Start of DATA EXTRACT
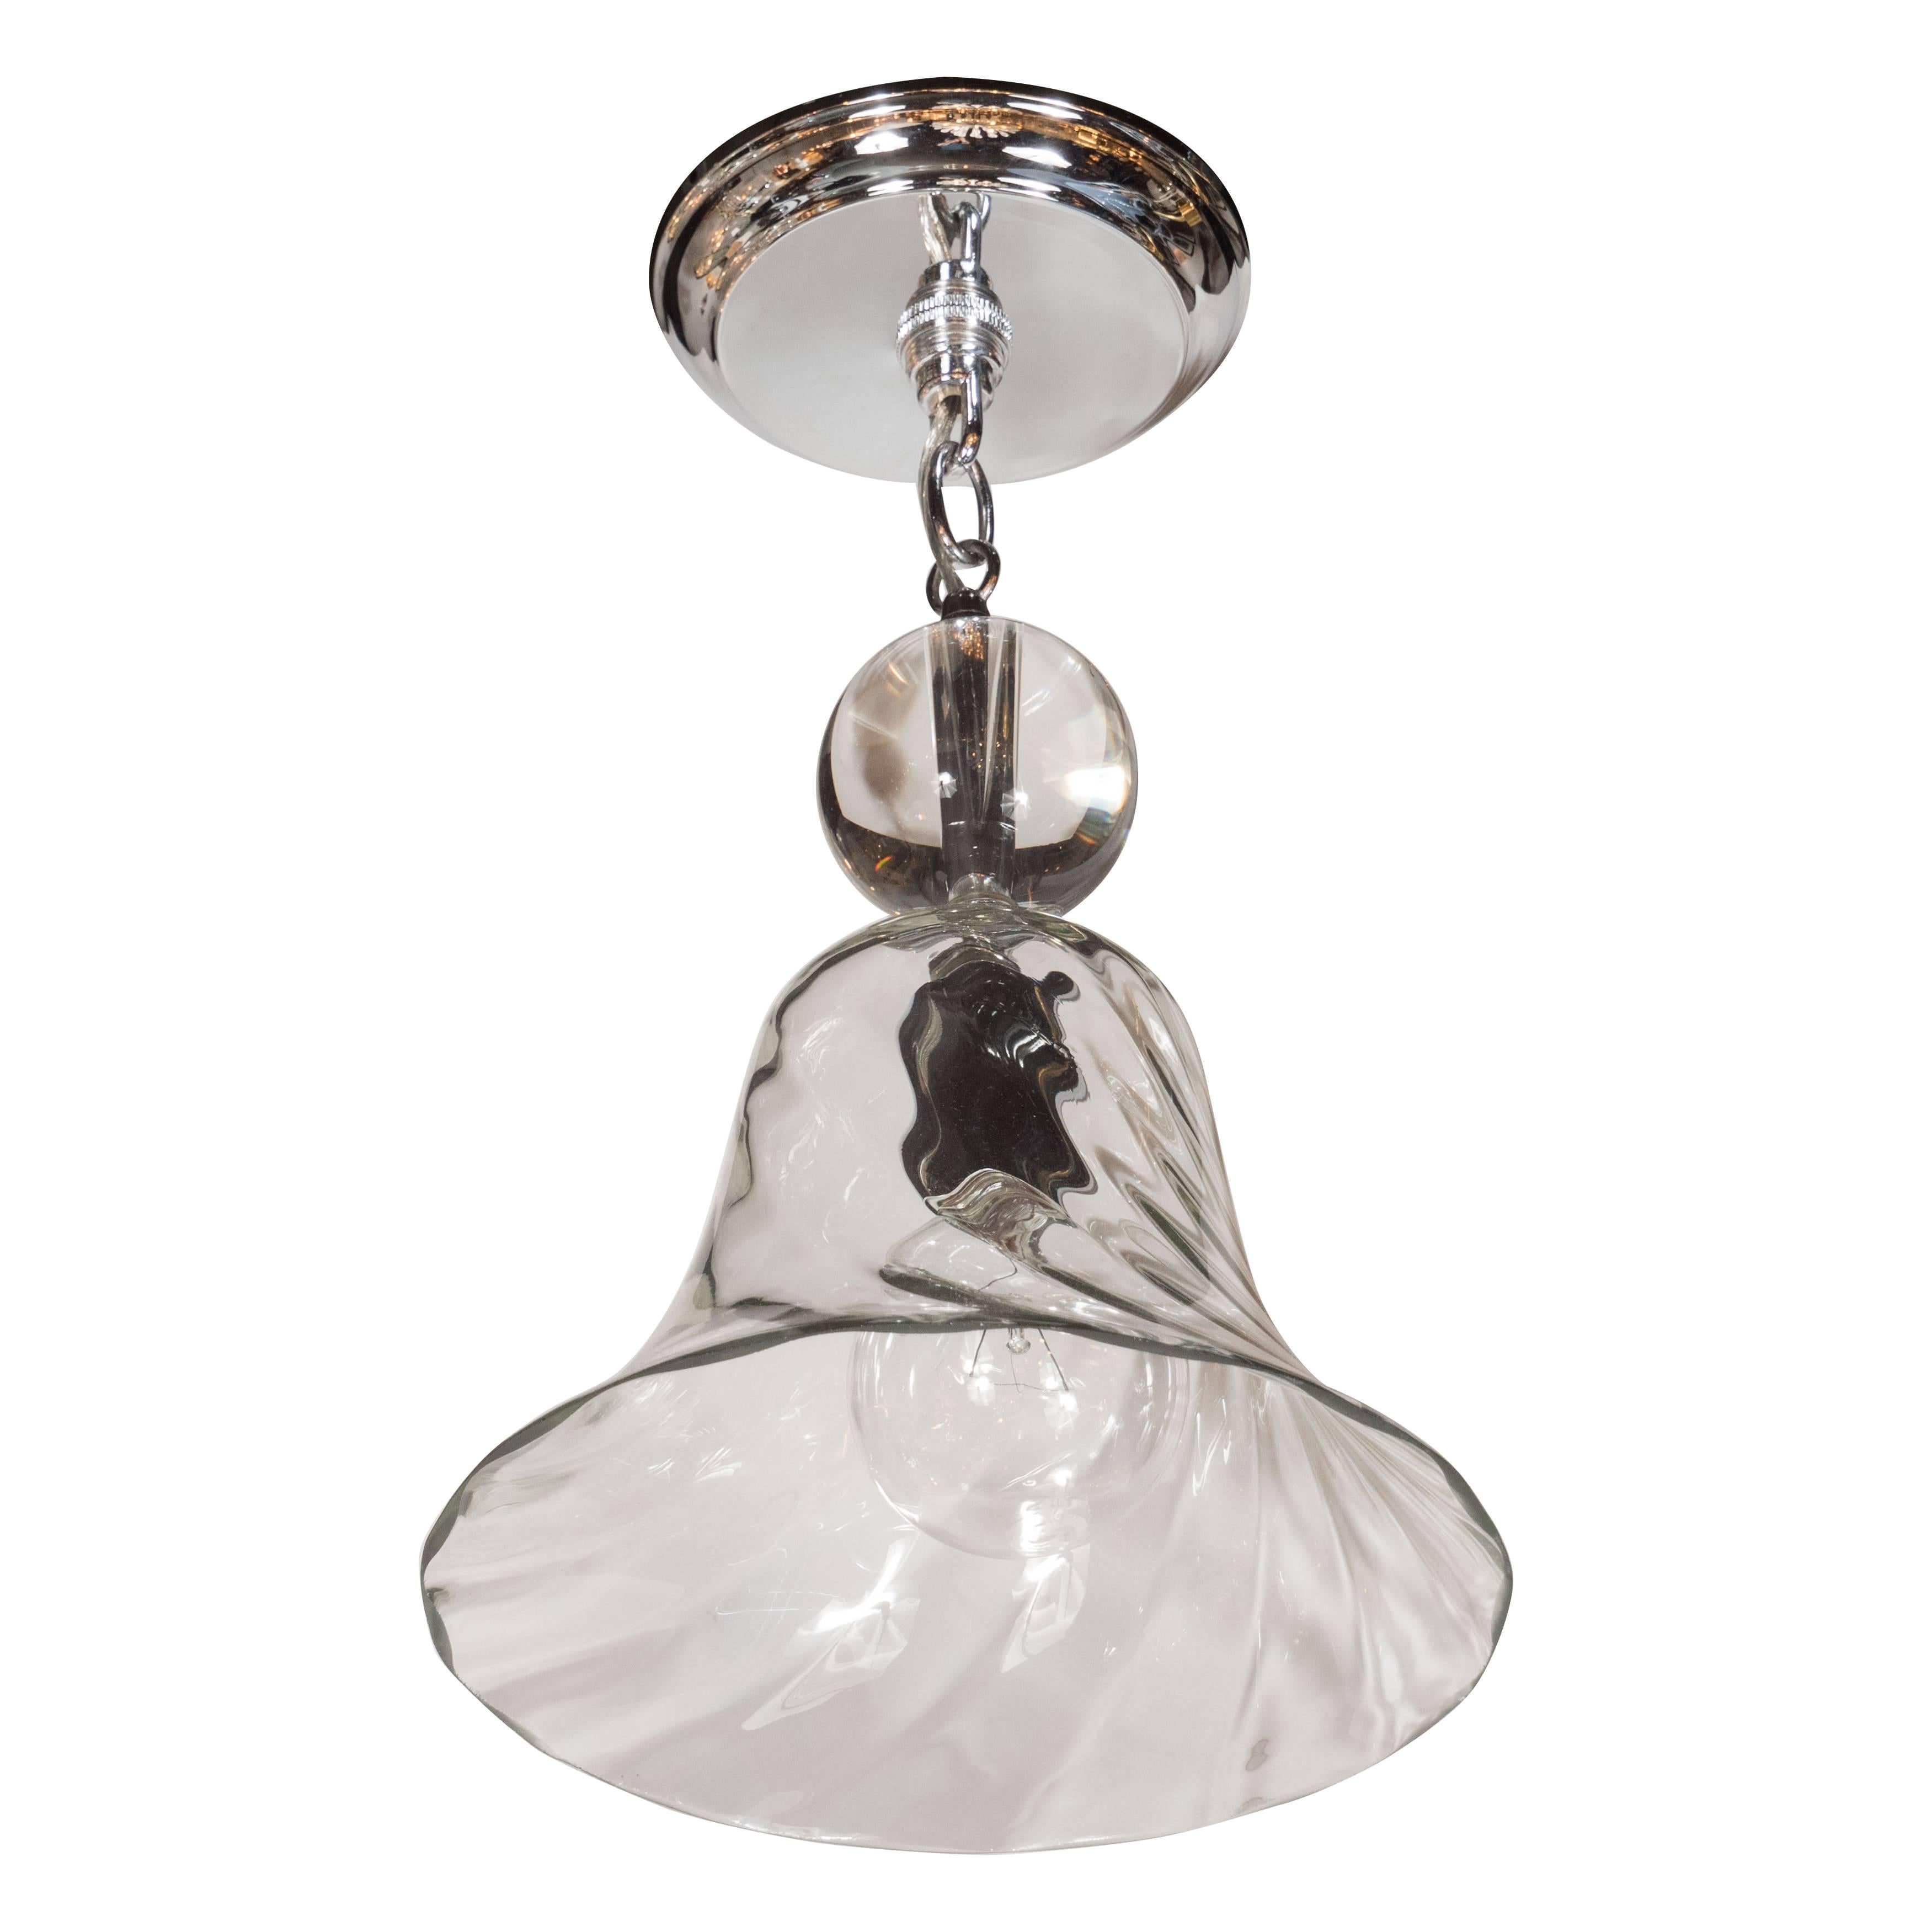 Handblown Smoke Tinted Murano Glass Pendant with Crystal Ball Embellishment
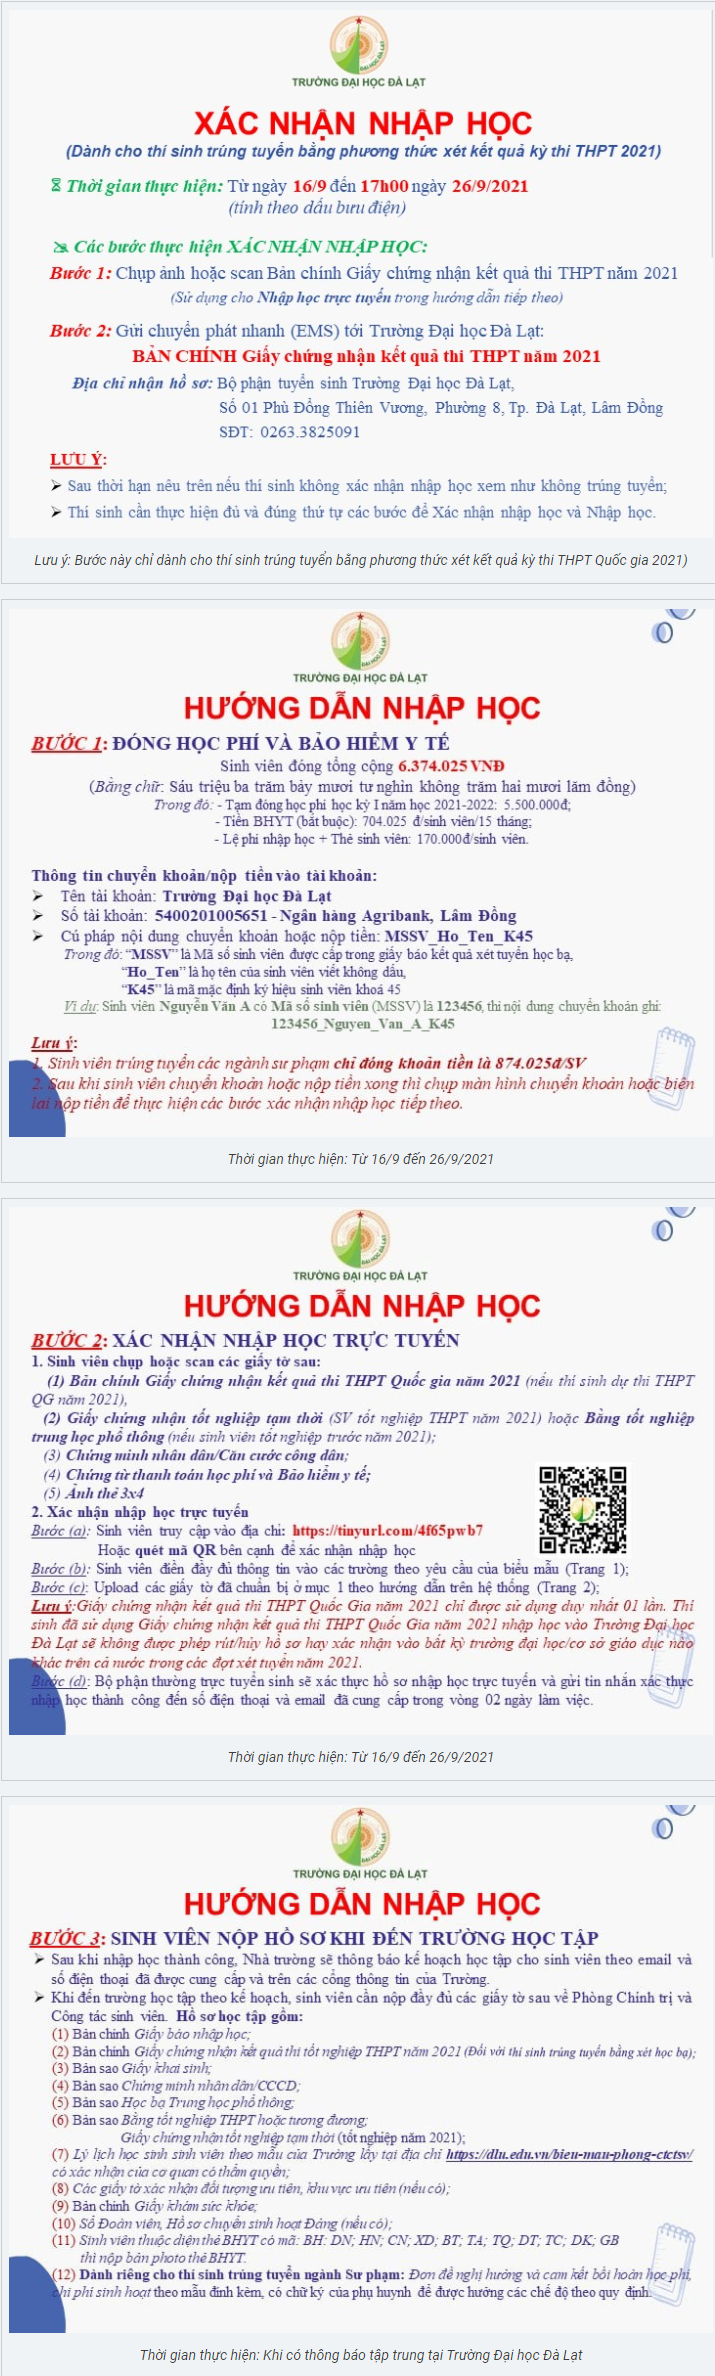 Huong dan nhap hoc Dai hoc Da Lat nam 2021
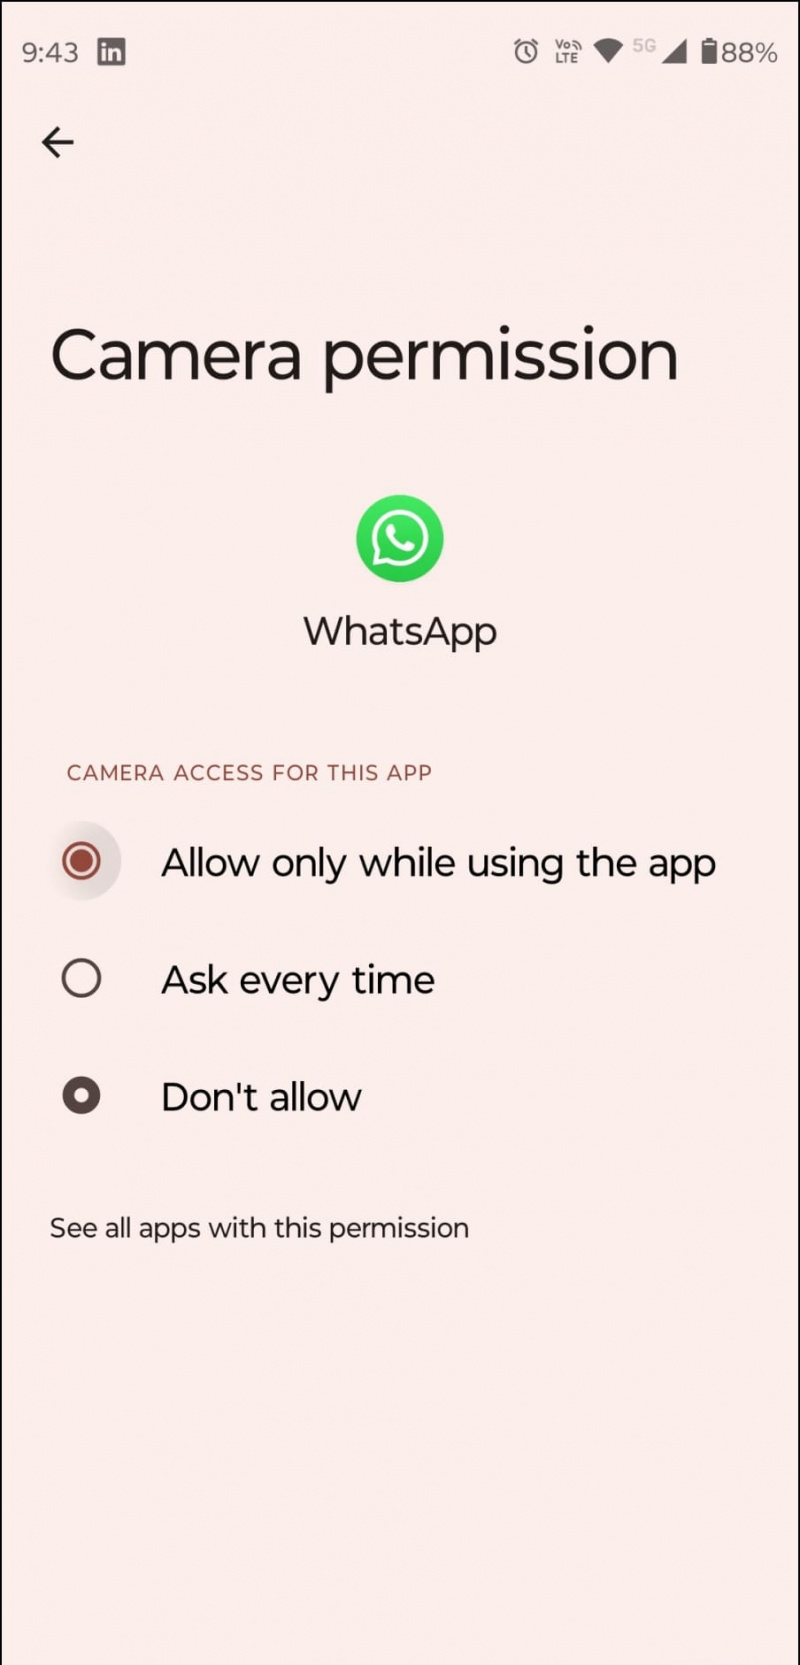   Salli WhatsApp-kameran käyttö kahdelle laitteelle kirjautumiseen
End of DATA EXTRACT
> _GOAL OF THE EXERCISE_
An exact copy of every line above, minus the pictures, is the required output.

> _COMPLETED EXERCISE_
 Handblown Smoke Tinted Murano Glass Pendant with Crystal Ball Embellishment
 Huong dan nhap hoc Dai hoc Da Lat nam 2021
   Salli WhatsApp-kameran käyttö kahdelle laitteelle kirjautumiseen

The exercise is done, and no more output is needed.